Sort a                                      // n log n
For i = 1 to n                              // linear reps
    For j = i+1 to n                        //   linear reps
        other <- -(a[i] + a[j])             //     constant
        BinarySearch a for other            //     log n
        If found                            //     constant
            Return (a[i], a[j], other)      //       constant

\(O(n^2)\) algorithm

bag <- new HashSet(n)                       // linear (alloc + init)
For i = 1 to n                              // linear reps
    Insert a[i] in bag                      //   constant
For i = 1 to n                              // linear reps
    For j = i+1 to n                        //   linear reps
        other <- -(a[i] + a[j])             //     constant
        if other in bag                     //     constant
            Return (a[i], a[j], other)      //       constant

polynomial time

Polynomial time: Running time is \(O(n^k)\) for some constant \(k > 0\)

Independent set of size \(k\): Given a graph, find \(k\) nodes (\(k\) is constant) such that no two are joined by an edge.

\(O(n^k)\) algorithm: Enumerate all subsets of \(k\) nodes.

Foreach subset S of k nodes:                   // O(n^k/k!) reps
    Check whether S is an independent set.     //   k^2
    If S is an independent set
        Return S

Check whether \(S\) is an ind. set of size \(k\) takes \(O(k^2)\) time
Number of \(k\)-element subsets
- \(\binom{n}{k} = \frac{n(n-1)(n-2)\cdots(n-k+1)}{k(k-1)(k-2)\cdots 1} \leq \frac{n^k}{k!}\) is \(O(\frac{n^k}{k!})\)
Reminder \(k\) is constant and \(O(k^2 n^k / k!) \in O(n^k)\)
- poly-time! but not practical when \(k\) is large (ex: \(k=17\))

exponential time

Exponential time: Running time is \(O(2^{n^k})\) for some constant \(k>0\)

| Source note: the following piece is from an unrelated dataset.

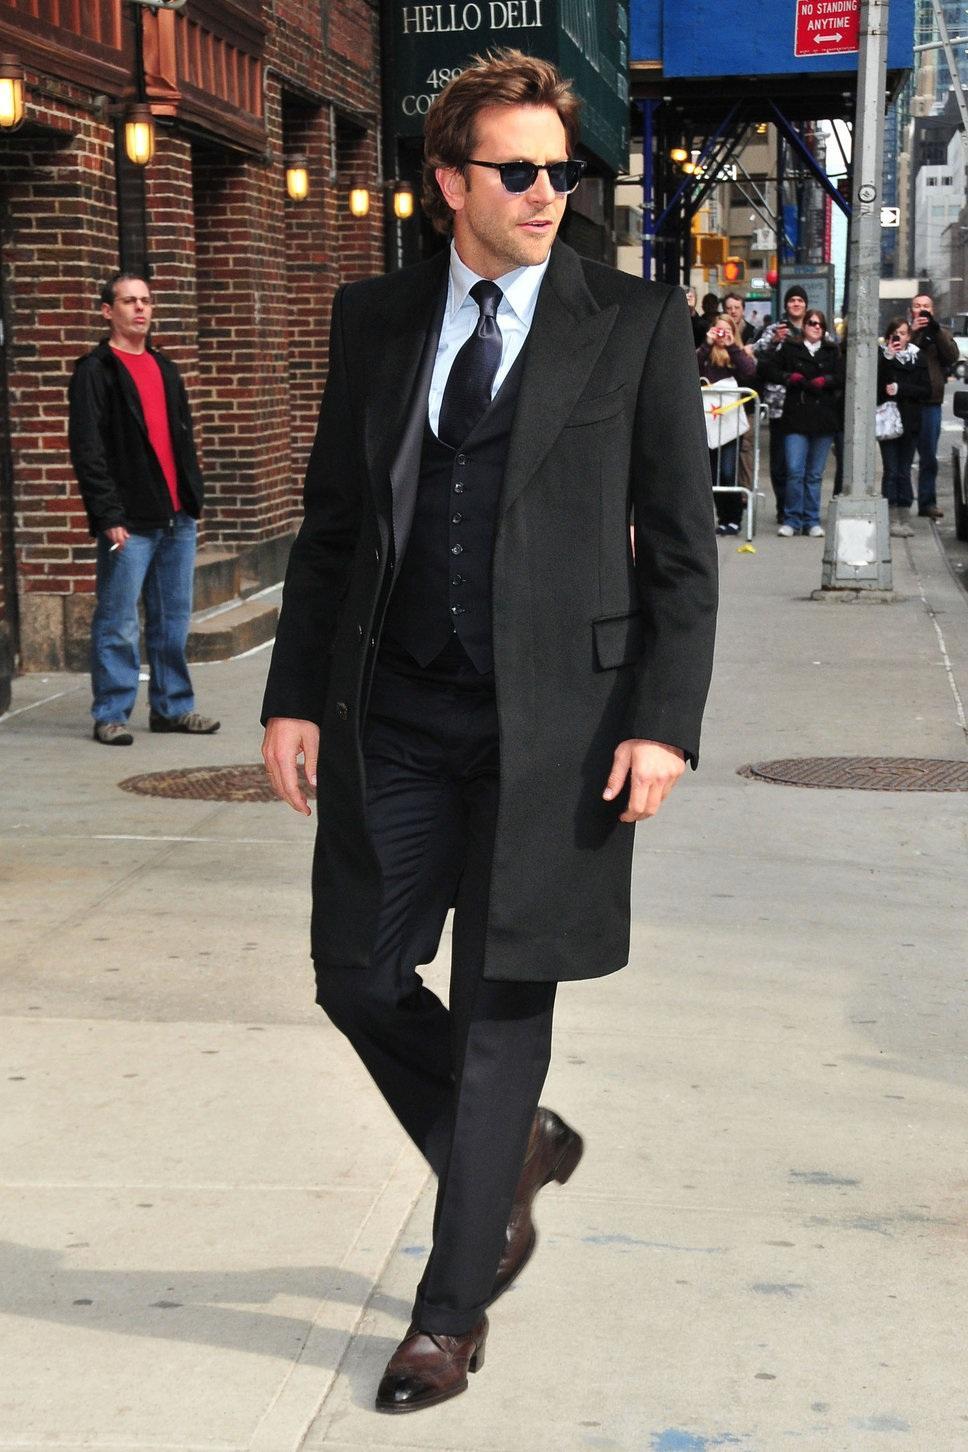 bradley-cooper-black-coat-sung-fashion-634378088.jpg

Independent set: Given a graph, find independent set of max cardinality

\(O(n^2 2^n)\) algorithm: Enumerate all subsets

S* <- empty                                     // constant
Foreach subset S of nodes:                      // 2^n reps
    Check whether S is an independent set       //   n^2
    If S is an independent set AND |S| > |S*|
        S* <- S
Return S*

quiz: Analysis of Algorithms

[ live view, card view ]

Which is an equivalent definition of exponential time?

\(O(2^n)\)
\(O(2^{cn})\) for some constant \(c > 0\)
Both A and B
Neither A nor B

Appendix: Big O Notation: properties #

Products

If \(f_1\) is \(O(g_1)\) and \(f_2\) is \(O(g_2)\), then \(f_1f_2\) is \(O(g_1g_2)\).

Pf:

\(\exists c_1 > 0\) and \(n_1 \geq 0\) such that \(0 \leq f_1(n) \leq c_1 \cdot g_1(n)\) for all \(n \geq n_1\)
\(\exists c_2 > 0\) and \(n_2 \geq 0\) such that \(0 \leq f_2(n) \leq c_2 \cdot g_2(n)\) for all \(n \geq n_2\)
Then, \(0 \leq f_1(n) \cdot f_2(n) \leq c_1 \cdot c_2 \cdot g_1(n) \cdot g_2(n)\) for all \(n \leq \max \{n_1, n_2\}\).